Monday 9 June 2014

It's not just about condoms.


When he was five my son came home from school with a letter telling me he was going to be having sex education lessons. Wondering exactly what they were going to teach my tiny weeney little boy I went into school in advance to watch the dvd they were showing.

It was nothing really, it just told them that mummy and daddy have different body parts and you need to have both to make a baby. It then told them that we may be different from one another but difference is good. I remember thinking my son would probably sit in front of it thinking “I’m going to be a fire engine when I grow up” or something equally as random and unrelated to the DVD.

I believe that at some point in his school career though he will get some “proper sex education.”   Our schools quite rightly tell our children that if they have sex without using a condom they can end up with babies and sexually transmitted diseases.

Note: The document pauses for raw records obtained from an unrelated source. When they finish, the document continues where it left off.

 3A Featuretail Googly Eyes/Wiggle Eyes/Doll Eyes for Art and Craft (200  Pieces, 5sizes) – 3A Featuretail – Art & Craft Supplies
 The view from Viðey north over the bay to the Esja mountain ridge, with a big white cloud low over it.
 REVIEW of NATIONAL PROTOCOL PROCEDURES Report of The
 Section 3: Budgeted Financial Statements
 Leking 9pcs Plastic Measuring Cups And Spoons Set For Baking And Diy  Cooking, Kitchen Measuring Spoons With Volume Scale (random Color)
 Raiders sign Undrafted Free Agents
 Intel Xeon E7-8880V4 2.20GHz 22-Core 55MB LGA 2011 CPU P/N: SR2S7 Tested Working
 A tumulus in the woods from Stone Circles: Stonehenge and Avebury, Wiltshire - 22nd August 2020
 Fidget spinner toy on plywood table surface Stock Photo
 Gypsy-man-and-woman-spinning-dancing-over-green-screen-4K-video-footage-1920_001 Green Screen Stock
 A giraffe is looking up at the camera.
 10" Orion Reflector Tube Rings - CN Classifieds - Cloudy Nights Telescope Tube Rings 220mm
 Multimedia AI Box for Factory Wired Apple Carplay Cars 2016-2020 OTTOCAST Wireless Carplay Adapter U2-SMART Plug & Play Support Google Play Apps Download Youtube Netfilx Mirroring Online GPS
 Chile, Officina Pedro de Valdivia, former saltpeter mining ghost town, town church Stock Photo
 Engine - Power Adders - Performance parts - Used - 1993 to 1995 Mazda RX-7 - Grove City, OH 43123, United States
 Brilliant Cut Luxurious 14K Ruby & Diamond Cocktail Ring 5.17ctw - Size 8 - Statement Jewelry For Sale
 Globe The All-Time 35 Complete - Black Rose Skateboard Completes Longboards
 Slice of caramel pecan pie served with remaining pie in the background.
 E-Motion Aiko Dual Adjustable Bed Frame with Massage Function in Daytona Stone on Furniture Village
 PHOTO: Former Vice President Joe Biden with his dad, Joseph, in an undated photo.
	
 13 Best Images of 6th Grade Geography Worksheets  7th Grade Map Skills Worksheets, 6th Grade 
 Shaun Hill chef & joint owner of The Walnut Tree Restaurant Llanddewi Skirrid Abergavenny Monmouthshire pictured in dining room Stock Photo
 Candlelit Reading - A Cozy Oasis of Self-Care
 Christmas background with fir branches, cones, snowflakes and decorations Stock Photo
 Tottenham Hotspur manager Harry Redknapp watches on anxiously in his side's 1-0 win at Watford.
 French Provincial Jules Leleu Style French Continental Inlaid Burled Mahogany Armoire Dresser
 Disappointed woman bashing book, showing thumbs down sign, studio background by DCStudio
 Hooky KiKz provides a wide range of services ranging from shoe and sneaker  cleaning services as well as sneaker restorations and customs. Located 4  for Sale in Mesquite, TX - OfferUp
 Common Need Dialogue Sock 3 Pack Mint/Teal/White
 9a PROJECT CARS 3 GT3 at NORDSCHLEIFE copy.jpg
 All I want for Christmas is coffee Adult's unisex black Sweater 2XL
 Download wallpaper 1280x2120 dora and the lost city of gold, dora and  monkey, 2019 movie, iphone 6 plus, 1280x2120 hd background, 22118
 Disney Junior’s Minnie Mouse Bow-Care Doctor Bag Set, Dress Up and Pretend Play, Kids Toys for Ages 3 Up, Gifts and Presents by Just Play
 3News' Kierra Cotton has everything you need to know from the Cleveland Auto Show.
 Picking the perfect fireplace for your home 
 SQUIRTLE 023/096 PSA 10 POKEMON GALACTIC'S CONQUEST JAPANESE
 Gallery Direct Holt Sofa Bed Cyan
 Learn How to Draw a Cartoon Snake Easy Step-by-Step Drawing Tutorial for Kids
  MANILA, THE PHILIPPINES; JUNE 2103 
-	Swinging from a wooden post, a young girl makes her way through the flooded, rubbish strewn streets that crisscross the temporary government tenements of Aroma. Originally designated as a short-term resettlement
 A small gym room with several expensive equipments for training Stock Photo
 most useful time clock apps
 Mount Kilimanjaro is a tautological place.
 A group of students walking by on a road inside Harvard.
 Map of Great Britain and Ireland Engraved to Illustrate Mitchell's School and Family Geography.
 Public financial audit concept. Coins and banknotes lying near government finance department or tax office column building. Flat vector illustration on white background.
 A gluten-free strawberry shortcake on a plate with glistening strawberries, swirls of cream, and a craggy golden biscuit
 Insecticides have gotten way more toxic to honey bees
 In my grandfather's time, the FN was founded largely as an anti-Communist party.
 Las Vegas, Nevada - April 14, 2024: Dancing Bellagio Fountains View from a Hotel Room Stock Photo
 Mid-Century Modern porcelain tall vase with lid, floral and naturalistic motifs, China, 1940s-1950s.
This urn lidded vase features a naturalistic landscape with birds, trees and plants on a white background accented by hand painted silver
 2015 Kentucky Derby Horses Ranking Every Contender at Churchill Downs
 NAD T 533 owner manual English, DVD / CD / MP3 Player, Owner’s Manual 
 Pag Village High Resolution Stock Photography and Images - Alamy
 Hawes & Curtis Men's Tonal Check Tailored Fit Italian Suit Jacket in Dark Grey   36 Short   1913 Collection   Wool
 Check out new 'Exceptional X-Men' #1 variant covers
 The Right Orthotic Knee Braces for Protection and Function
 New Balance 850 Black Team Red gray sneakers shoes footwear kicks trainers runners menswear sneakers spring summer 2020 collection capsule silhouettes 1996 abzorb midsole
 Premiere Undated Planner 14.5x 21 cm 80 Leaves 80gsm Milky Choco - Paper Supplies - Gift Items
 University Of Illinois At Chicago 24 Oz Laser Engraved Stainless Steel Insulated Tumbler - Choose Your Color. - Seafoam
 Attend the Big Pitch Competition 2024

But sex and relationships are so intertwined why don’t schools teach our children what a healthy relationship looks like? If we can tell children that if you have sex without a condom you’ll probably get pregnant why can’t we tell them that if you have sex without respect you’ll probably get hurt?

In a country that speaks to girls about sexual relationships from the age of 5 why is it that 25% of those girls grow up to be trapped in abusive relationships? In a country that speaks to boys about sexual relationships from the age of 5 why is it that so many of those boys grow up to be abusers?

I’ve always believed we should talk to children about love and respect, about what a healthy relationship looks like. I’ve always thought that if we teach our young girls to demand respect from their sexual partners, if we build their self-esteem and self-confidence and teach them that they can say ”yes” safely but they can also choose to say “no” then we’ll have a much bigger impact on the rate of unwanted pregnancies which the UK seems to lead the rest of Europe in.

But now I also think we need to be teaching girls about the red flags of domestic violence. I look back at the beginnings of my relationship and in retrospect see so many red flags, right from day one, that should have rung alarm bells, and I wonder if I’d been taught those lessons would I have spotted them and got out sooner?

I’m a bit stubborn and when I was 19 I liked to think I knew best so there’s a chance I wouldn’t have. But maybe I would. Maybe other girls would get out quicker if they knew what to look for….

And before all my feminist friends tell me off, we also need to educate boys about abuse. By teaching girls what to expect from a healthy relationship, and what an unhealthy relationship looks like we will better equip them to escape abuse. But educating boys not to abuse is the only way to eradicate abuse.